===== DATA BLOCK =====
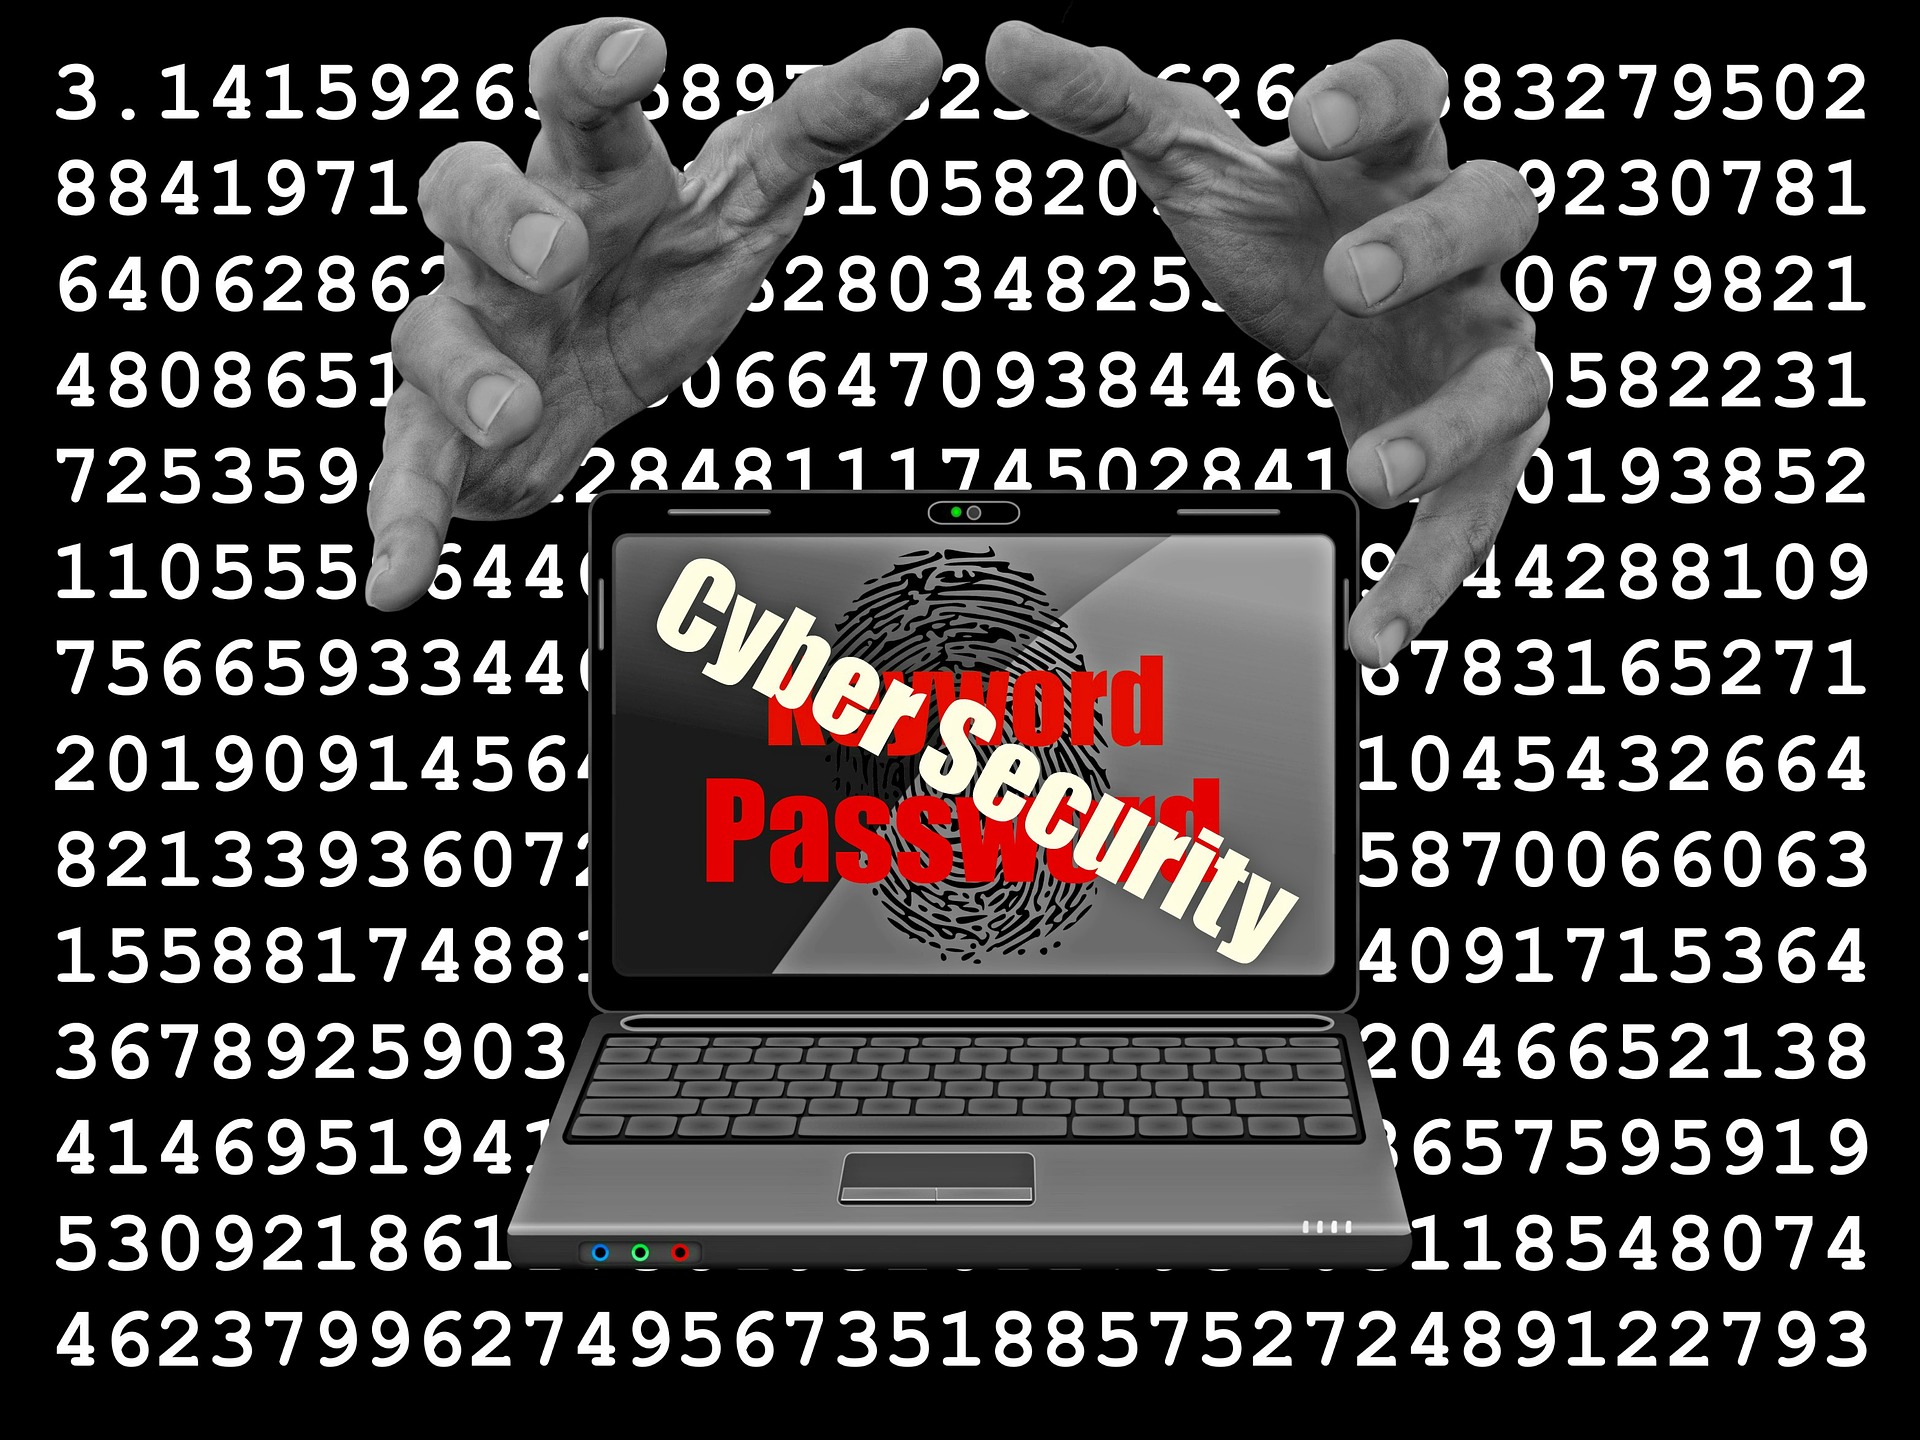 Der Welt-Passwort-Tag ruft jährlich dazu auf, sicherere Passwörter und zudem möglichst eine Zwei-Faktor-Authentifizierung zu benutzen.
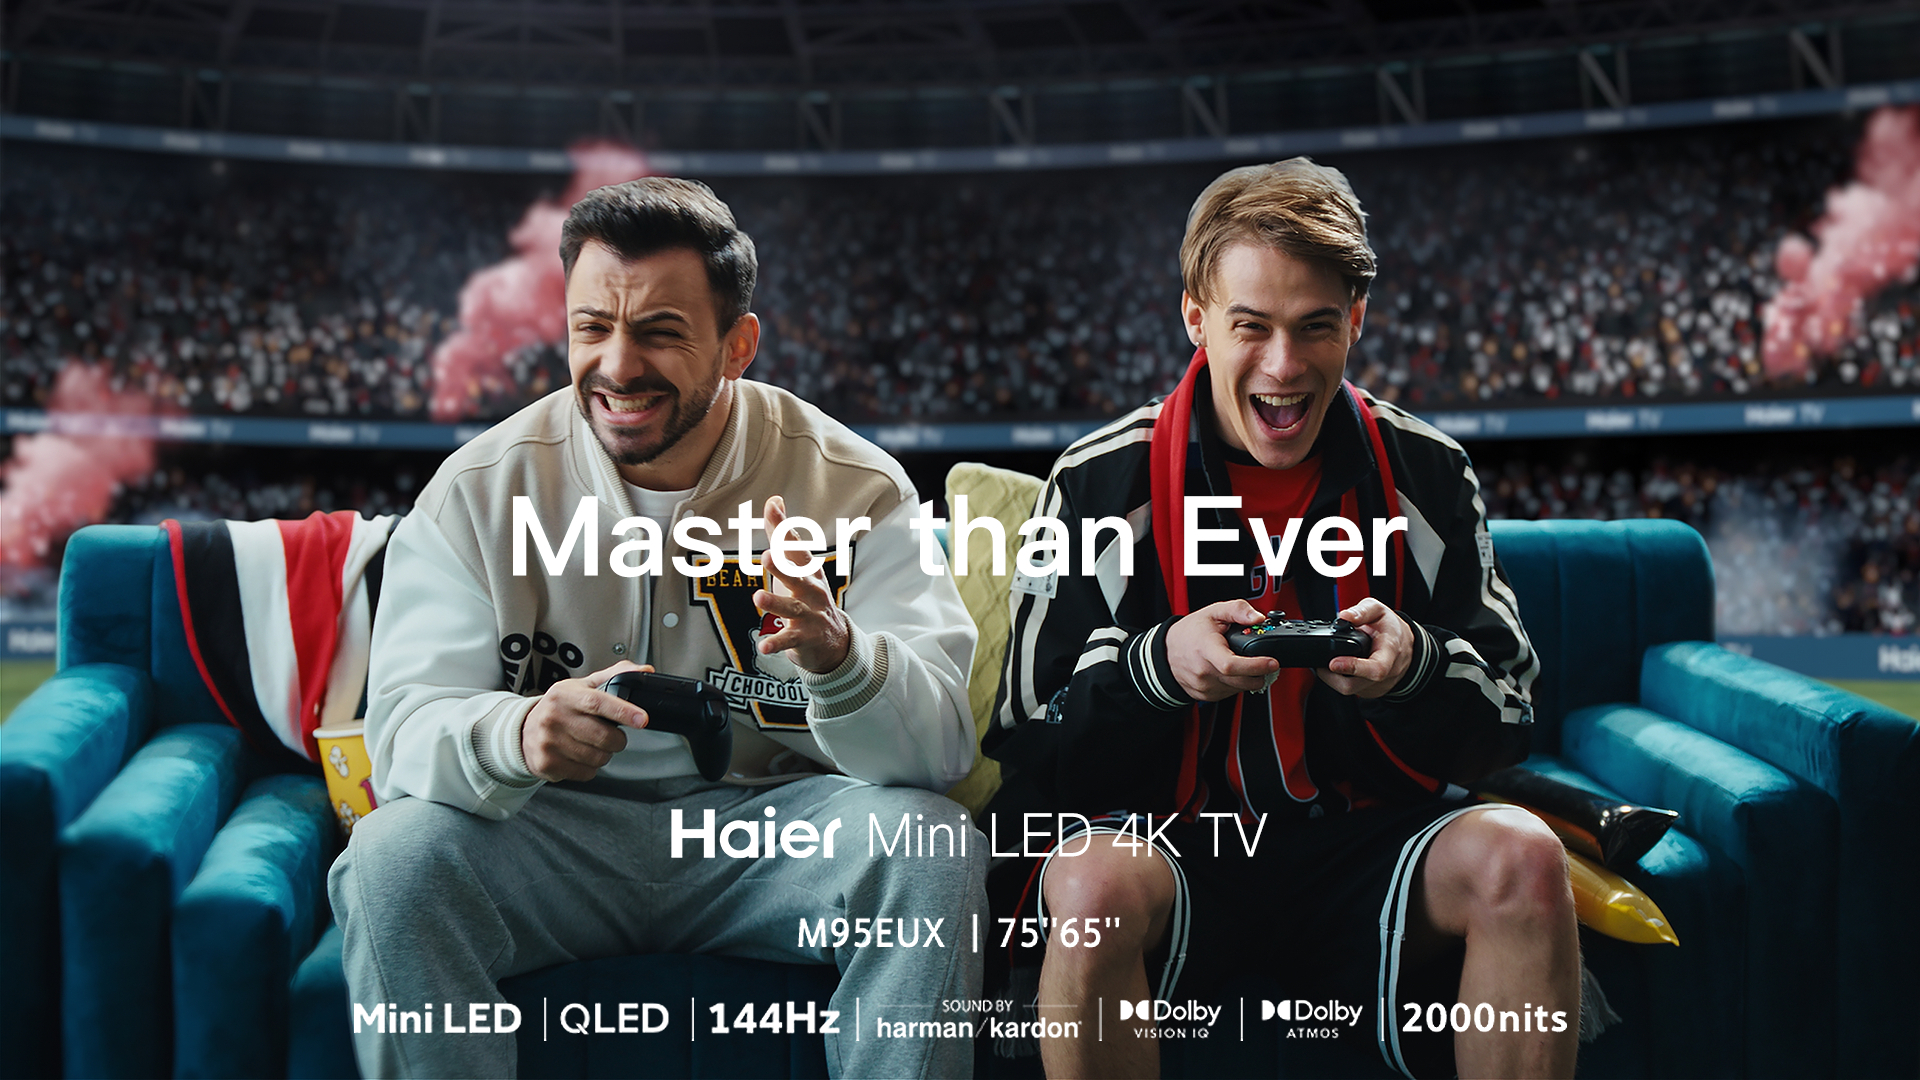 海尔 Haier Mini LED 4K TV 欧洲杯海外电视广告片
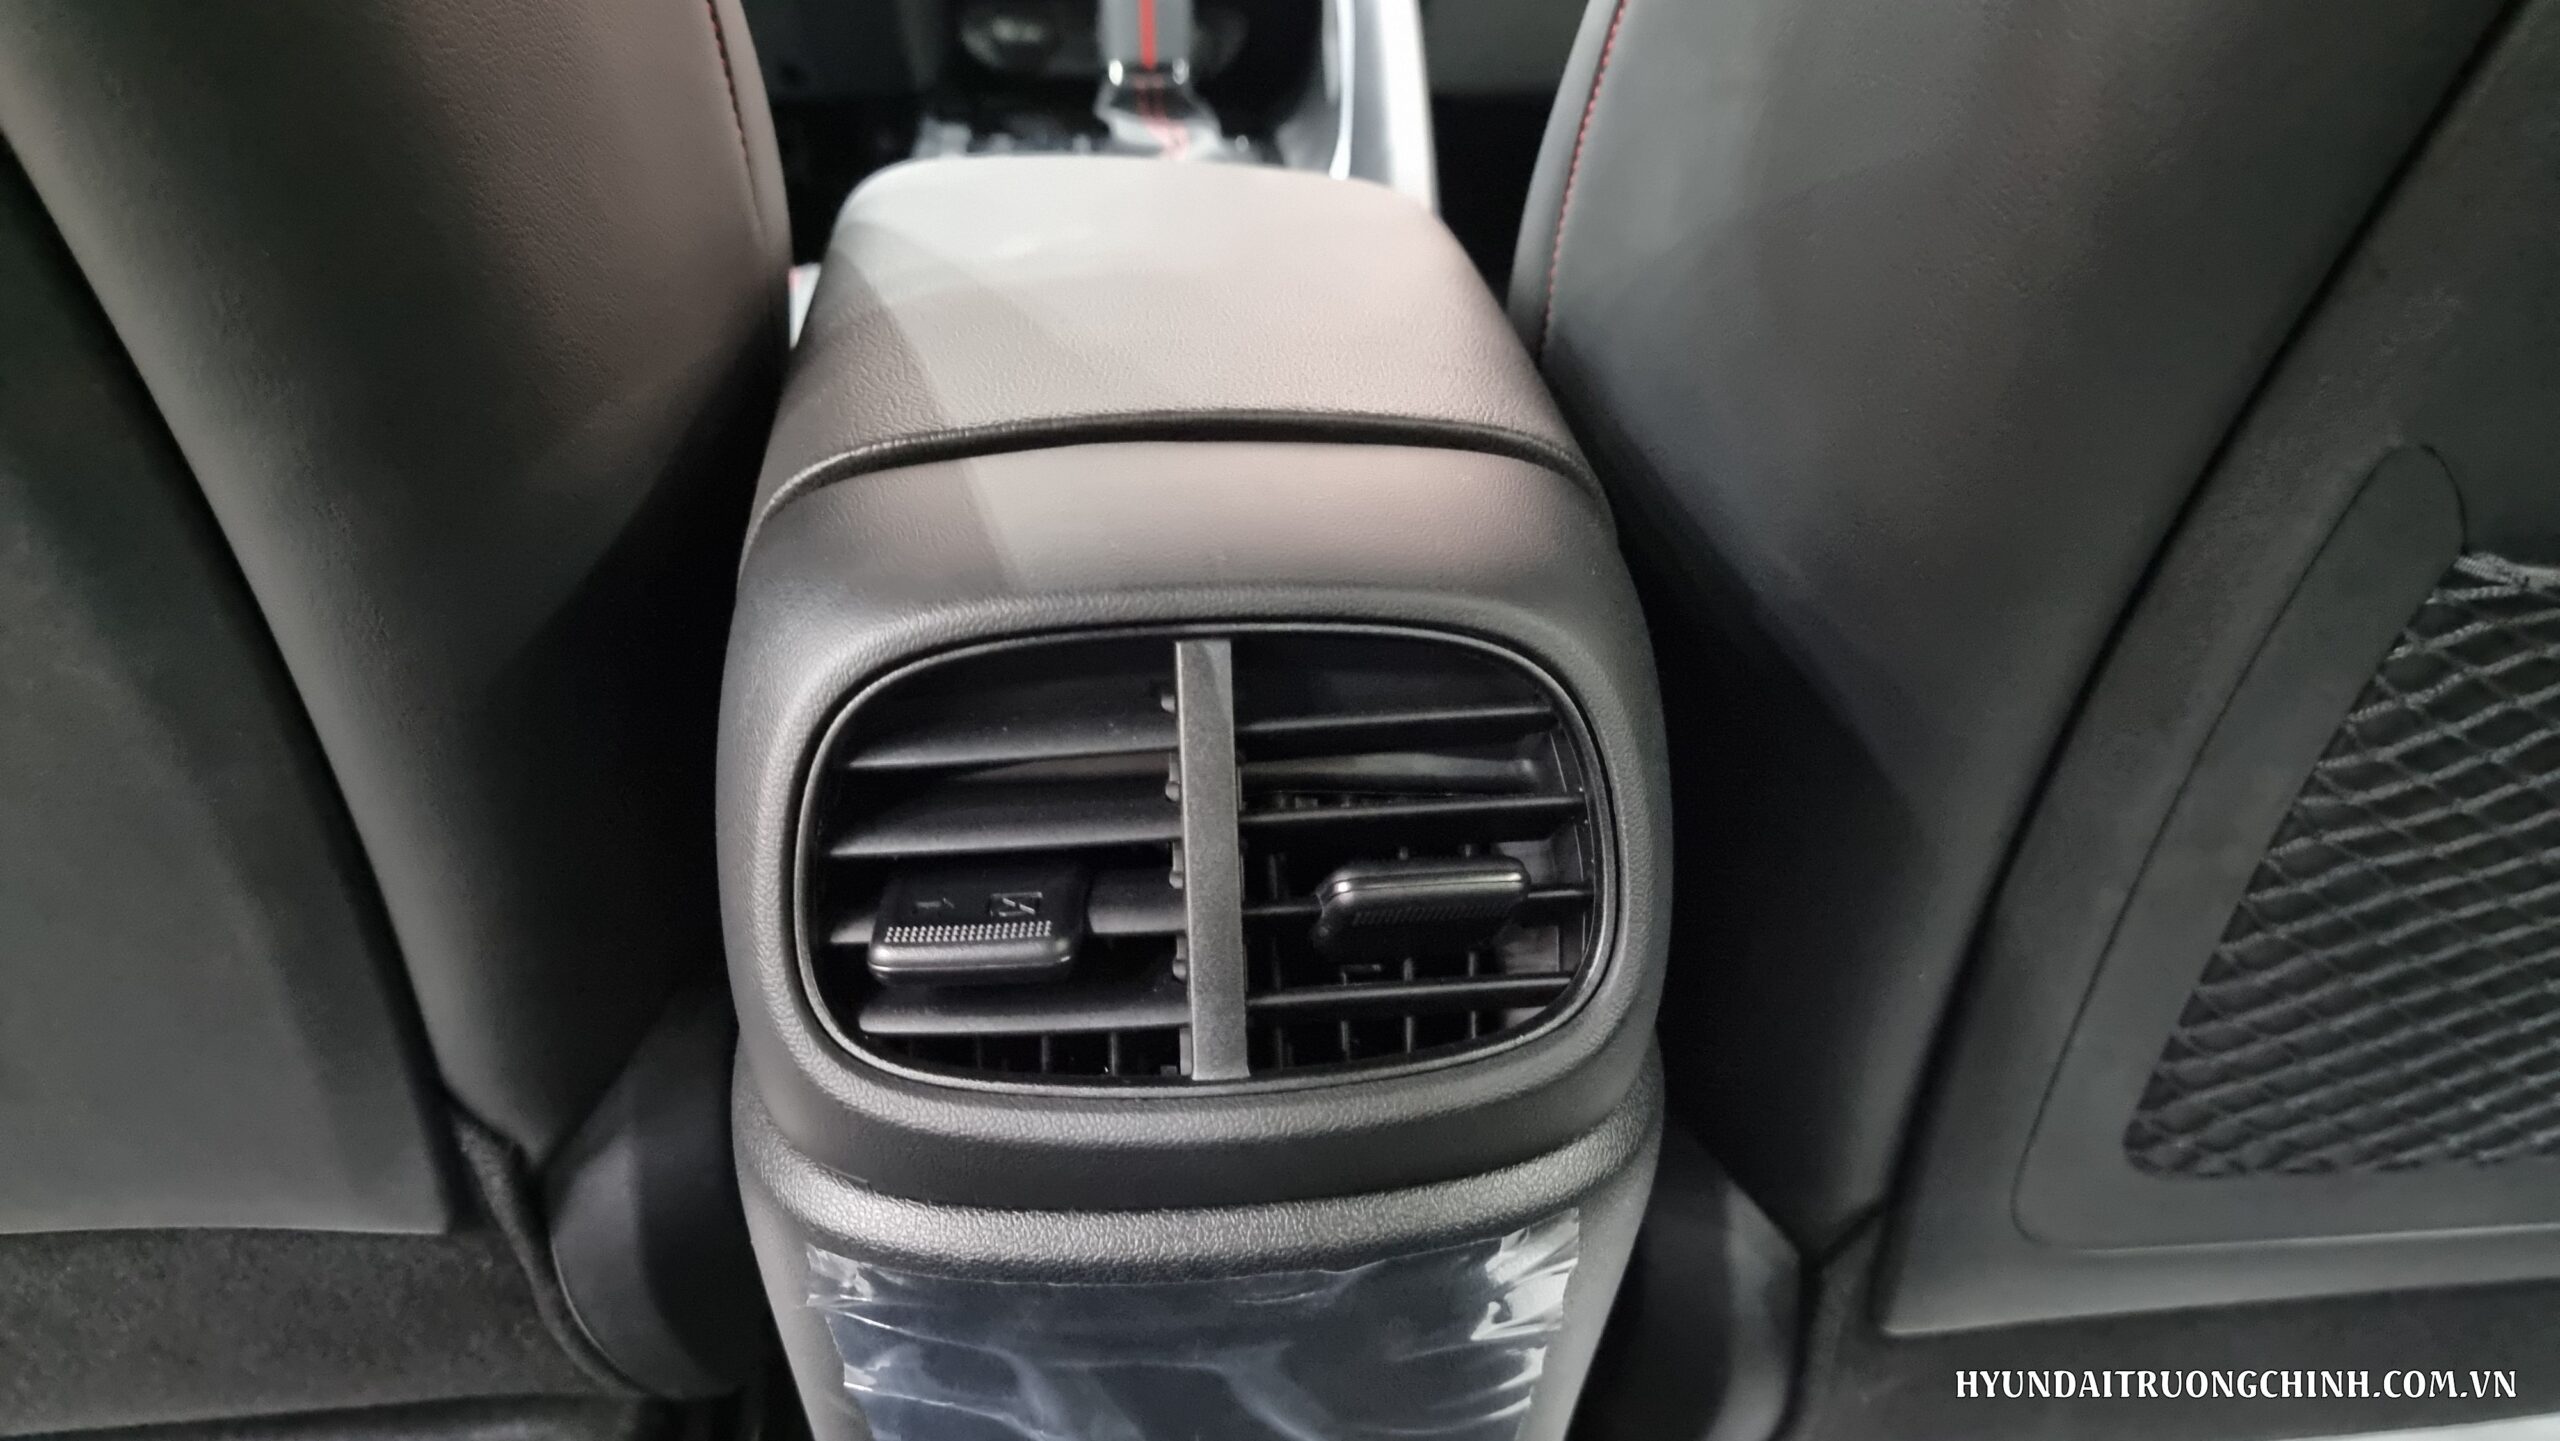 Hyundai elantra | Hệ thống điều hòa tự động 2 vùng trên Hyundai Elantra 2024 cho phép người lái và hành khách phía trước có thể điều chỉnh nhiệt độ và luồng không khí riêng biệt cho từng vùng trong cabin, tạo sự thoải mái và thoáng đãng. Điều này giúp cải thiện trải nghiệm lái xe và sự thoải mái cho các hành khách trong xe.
=====
- ABOUT THIS TASK
Apart from the images, please copy every line of the data exactly as written.

- EXERCISE RESULT
 Der Welt-Passwort-Tag ruft jährlich dazu auf, sicherere Passwörter und zudem möglichst eine Zwei-Faktor-Authentifizierung zu benutzen.
 海尔 Haier Mini LED 4K TV 欧洲杯海外电视广告片
 Hyundai elantra | Hệ thống điều hòa tự động 2 vùng trên Hyundai Elantra 2024 cho phép người lái và hành khách phía trước có thể điều chỉnh nhiệt độ và luồng không khí riêng biệt cho từng vùng trong cabin, tạo sự thoải mái và thoáng đãng. Điều này giúp cải thiện trải nghiệm lái xe và sự thoải mái cho các hành khách trong xe.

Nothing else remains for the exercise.